Is Hardware-Based Security The Right Answer to Cloud Security?

This entry was posted on Tuesday, February 5th, 2019.

Without question, today, there is considerable focus on securing the Cloud. This is especially true for virtualization systems, which have played a major role in creating cloud computing. However, the downsides to virtualization involve security challenges.

In this scenario, Docker containers play a big part in virtualization as a way for deploying cloud solutions.  A Docker is described as an open-source system of software containers, and these containers help software to run while being moved from one environment to another. However, like the many and varied aspects of cloud computing, Docker containers are under scrutiny for their security levels.

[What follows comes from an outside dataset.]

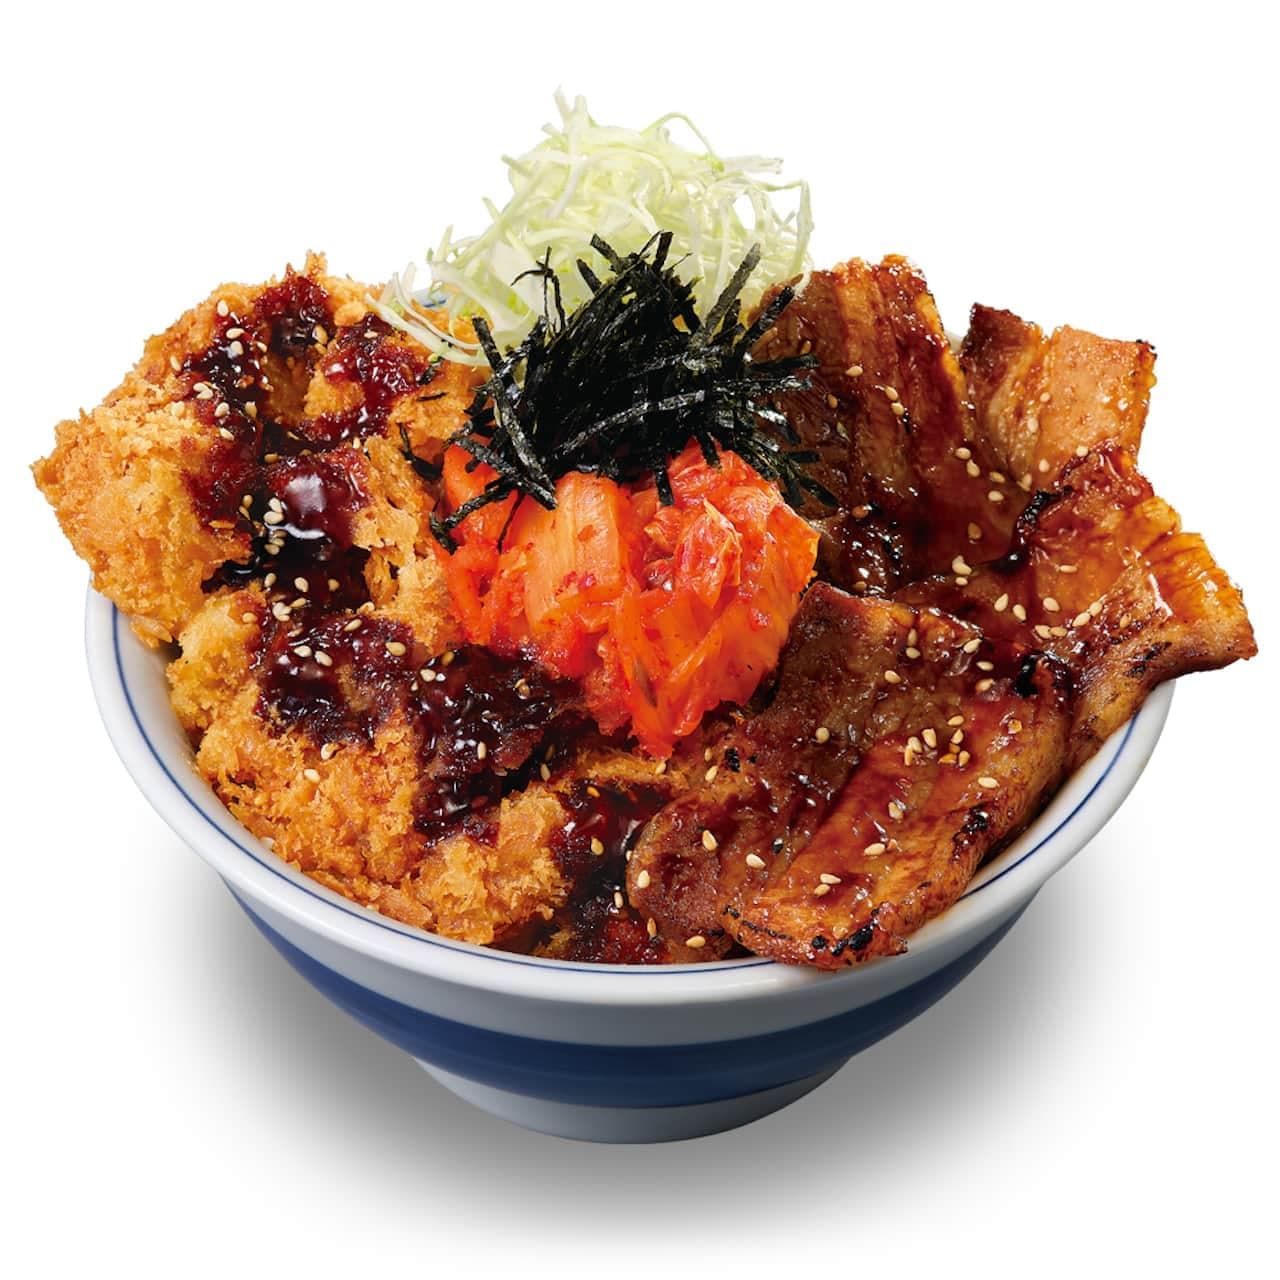 Katsuya "Bowl of rice topped with grilled pork ribs and chicken cutlet

But when you get down to the essence of security, you’re only as good as the hardware in which you’re executing.  And as has been widely publicized, vulnerabilities like Meltdown, Spectre, and Foreshadow are at the microarchitecture level of today’s popular microprocessors (mPs) and central processing units (CPUs).

It’s virtually impossible to mitigate against these types of vulnerabilities at the virtualization layer, much less even at the host OS layer. In fact, the fundamental execution of a network system, itself, is vulnerable.

For decades, there have been software attacks directed at desktops and servers. However, today, hardware microarchitectural security vulnerabilities are closely being examined at the CPU level. The work being done is directed at finding attack avenues to the Cloud.  These individuals are intent on taking advantage of cloud computing where there are multiple services from multiple tenants, possibly executing on the same server hardware in the Cloud.

Attackers want to use microarchitectural bugs like Spectre or Meltdown to gain access to other processes, other containers or virtual machines that are executing on that system. By doing so, they can exfiltrate data from one system that’s expected to be secure out through another via these microarchitectural bugs.

The industry can be assured that there will be more of these microarchitectural bugs to be found as attackers become even more sophisticated.  Therefore, data may not be as secure as has been previously promised by system vendors. The fact remains that even if all due diligence has been performed, vulnerabilities at the CPU level can still expose data to be exfiltrated.

CPU vendors are working toward resolving these vulnerabilities.  However, what has to be kept in mind is that security is not the first consideration when CPUs are designed.  The primary focus is on complexity and performance.  Security is most often an afterthought, particularly from a computational efficiency perspective.  So, with complexity and performance at the forefront and a lack of a security focus, the door will remain open for future microarchitectural bugs and they’ll be uncovered in future systems.